Big thanks also from me, nice tool, I've also tried automount and autofs but in the end I settled for DSBMD/DSBMC. I do have however one question: do I have to do anything special in the conf file in order to show also DVD/CD disks? Now only USB HDD and USB memory sticks are working but if I insert a DVD I do not see it in DSBMC to be able to mount it. However I can mount it manually with # mount -t cd9660 /dev/cd0 /media/cdrom.


----------



## Minbari (Jun 4, 2019)

ionutm80 said:


> Big thanks also from me, nice tool, I've also tried automount and autofs but in the end I settled for DSBMD/DSBMC. I do have however one question: do I have to do anything special in the conf file in order to show also DVD/CD disks? Now only USB HDD and USB memory sticks are working but if I insert a DVD I do not see it in DSBMC to be able to mount it. However I can mount it manually with # mount -t cd9660 /dev/cd0 /media/cdrom.


I think you can see CD/DVD's by editing (adding the path) the /usr/local/etc/dsbmd.conf.


----------



## Lamia (Jun 4, 2019)

I tried it a few times in the past but it went belly up.
It was at that time I jumped on the syncthing bandwagon. It looks nice and worth trying again.


----------



## ionutm80 (Jun 4, 2019)

Minbari said:


> I think you can see CD/DVD's by editing (adding the path) the /usr/local/etc/dsbmd.conf.



Do you mean something like this in dsbmd.conf?

*cd9660_mount_cmd = "mount -t cd9660 /dev/cd0 /media/cdrom "

or

cd9660_mount_cmd = "mount -t  cd9660 \"uid=${DSBMD_UID},gid=${DSBMD_GID}\" ${DSBMD_DEVICE} \"${DSBMD_MNTPT}\"" *


----------



## mrclksr (Jun 4, 2019)

ionutm80 said:


> Big thanks also from me, nice tool, I've also tried automount and autofs but in the end I settled for DSBMD/DSBMC. I do have however one question: do I have to do anything special in the conf file in order to show also DVD/CD disks? Now only USB HDD and USB memory sticks are working but if I insert a DVD I do not see it in DSBMC to be able to mount it. However I can mount it manually with # mount -t cd9660 /dev/cd0 /media/cdrom.

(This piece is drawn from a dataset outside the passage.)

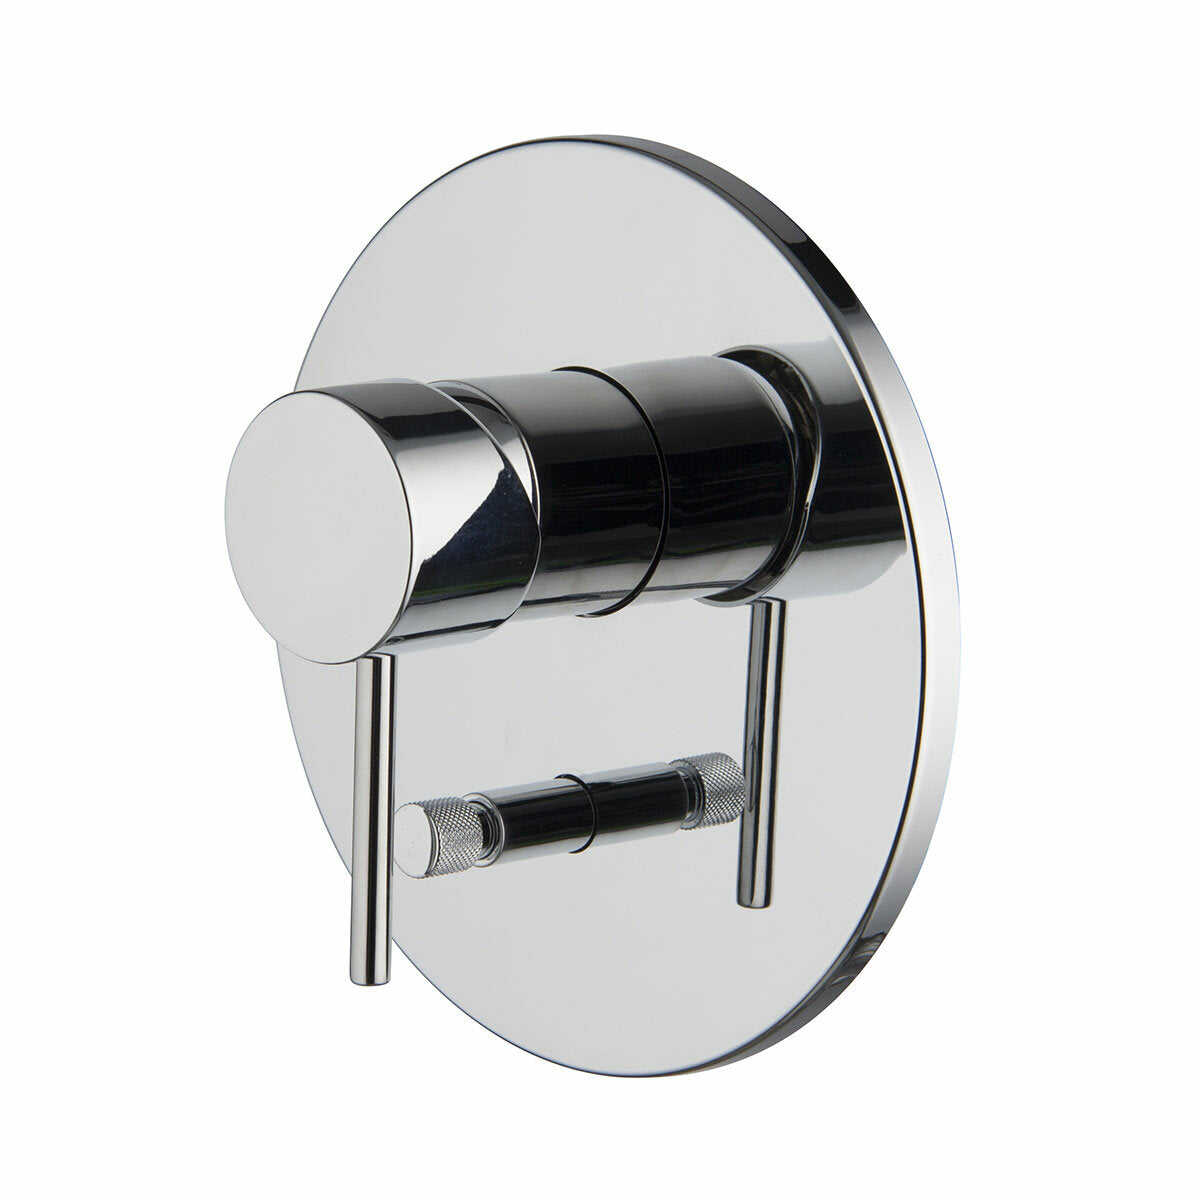 Fima Carlo Frattini Spillo Up built-in shower mixer with two outlet diverter. Outside part only.

Usually, DSBMD detects and shows CDs/DVDs without additional configuration. However, a user reported that it does work with his regular DVD drive, but doesn't work with his BluRay USB 3.0 drive. I'm working on it. What kind of drive do you use?


----------



## ionutm80 (Jun 4, 2019)

mrclksr said:


> Usually, DSBMD detects and shows CDs/DVDs without additional configuration. However, a user reported that it does work with his regular DVD drive, but doesn't work with his BluRay USB 3.0 drive. I'm working on it. What kind of drive do you use?



 Blu-Ray USB 3.0 drive ... bad luck for me.


----------



## mrclksr (Jun 4, 2019)

ionutm80 said:


> Blu-Ray USB 3.0 drive ... bad luck for me.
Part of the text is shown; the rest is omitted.